Transcribe the entries below exactly, starting with the line that has "Annuario di storia cultura e varia umanità" and stopping after the line that has "bahubali poster on behance"; no pictures belong in the copy.

Top of The data

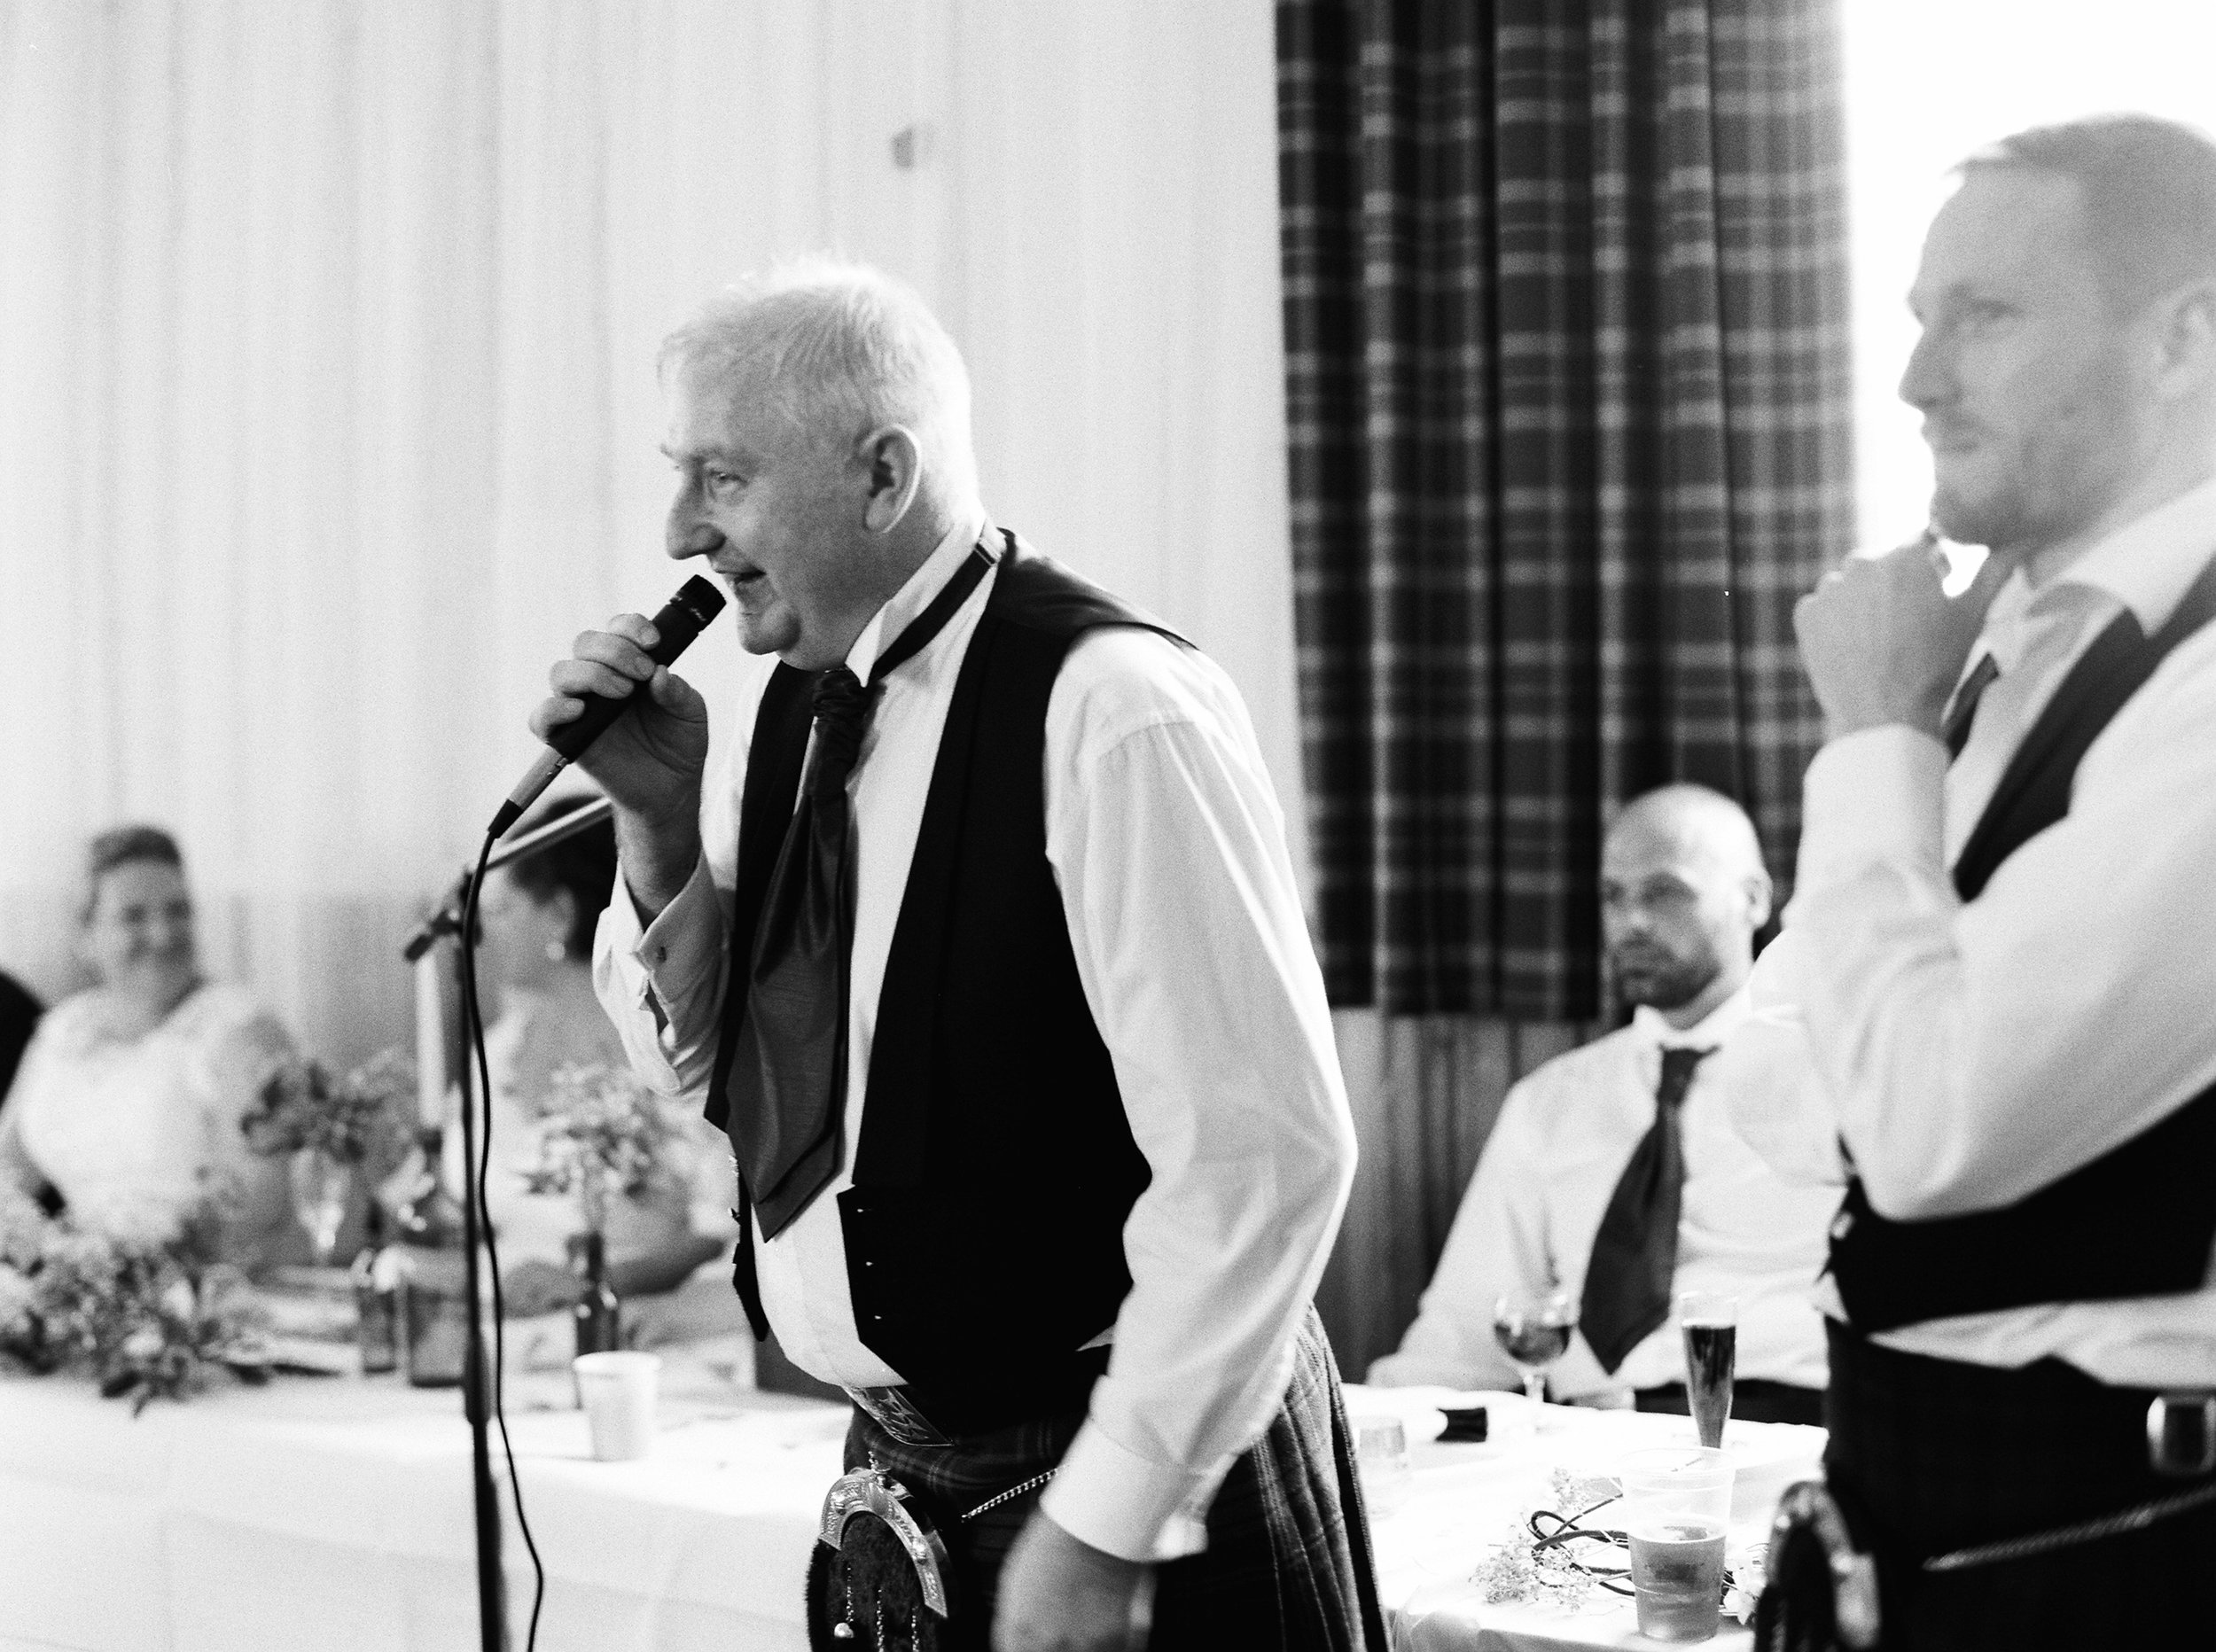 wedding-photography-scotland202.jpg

Bottom of The data
Top of The data

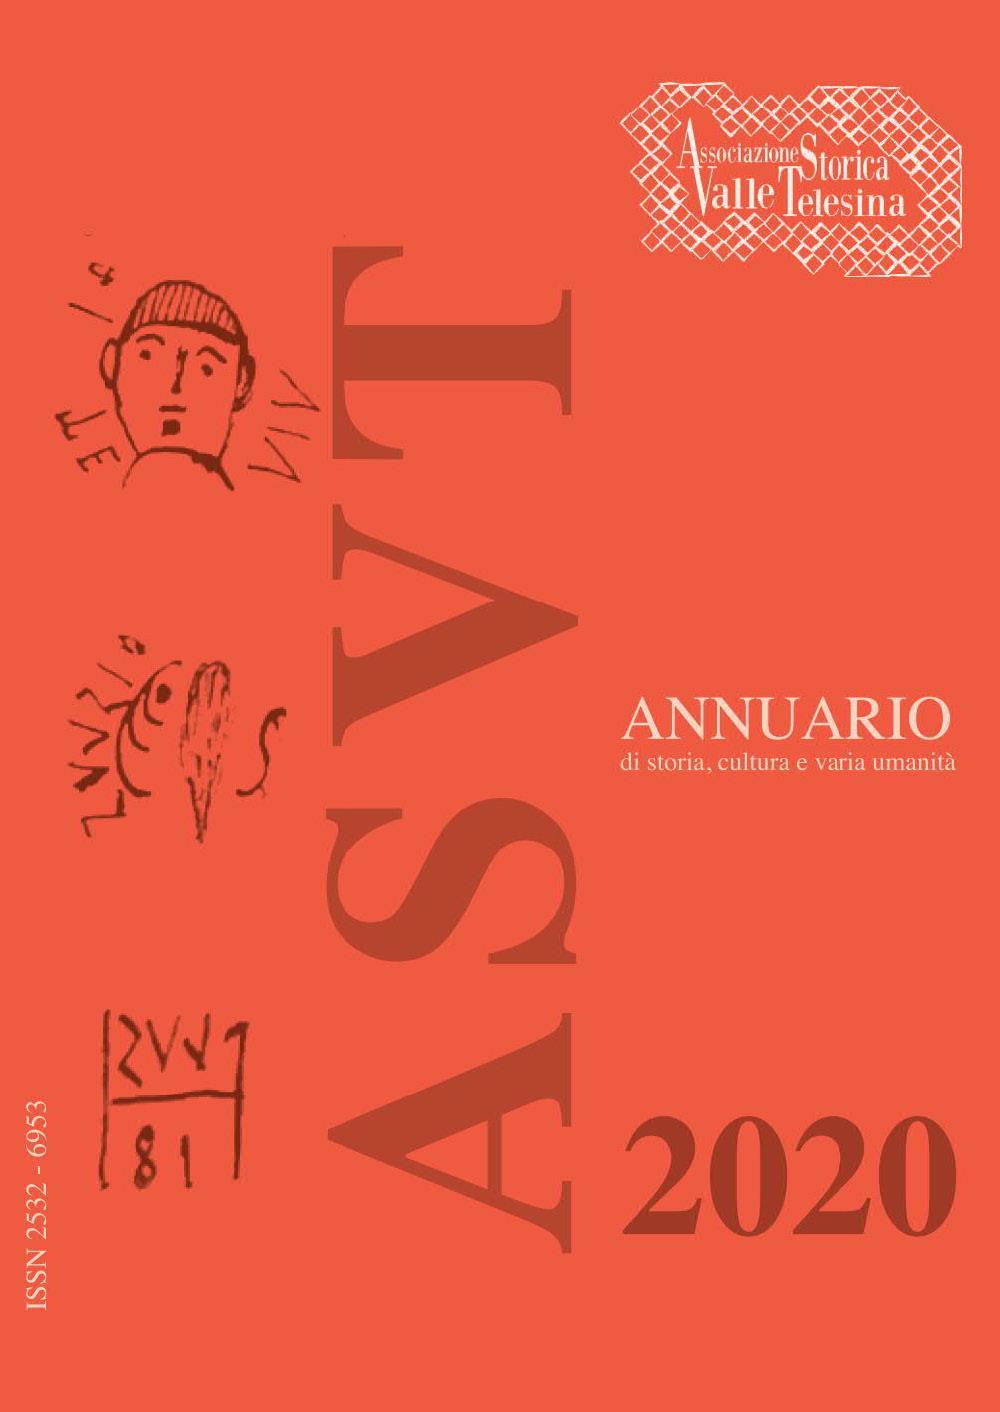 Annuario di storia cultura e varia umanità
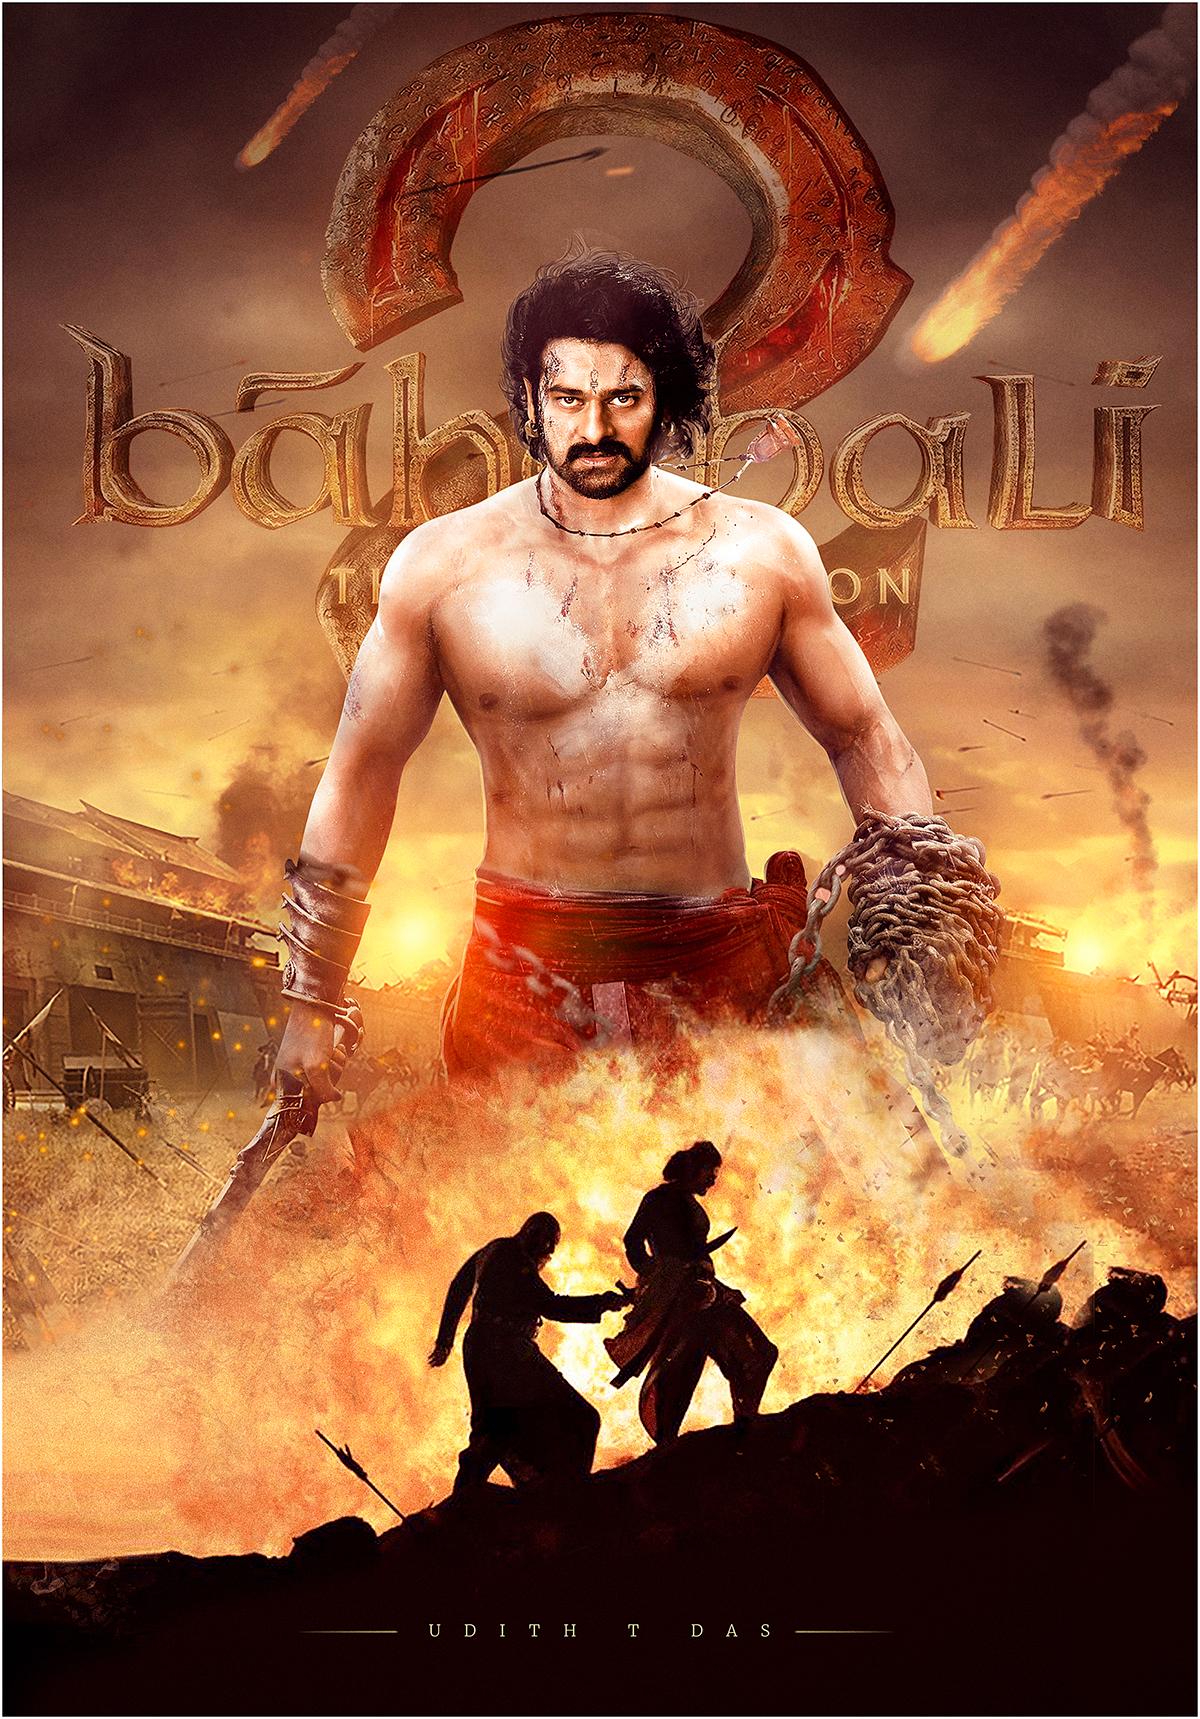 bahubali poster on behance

Bottom of The data

Result:
 Annuario di storia cultura e varia umanità
 bahubali poster on behance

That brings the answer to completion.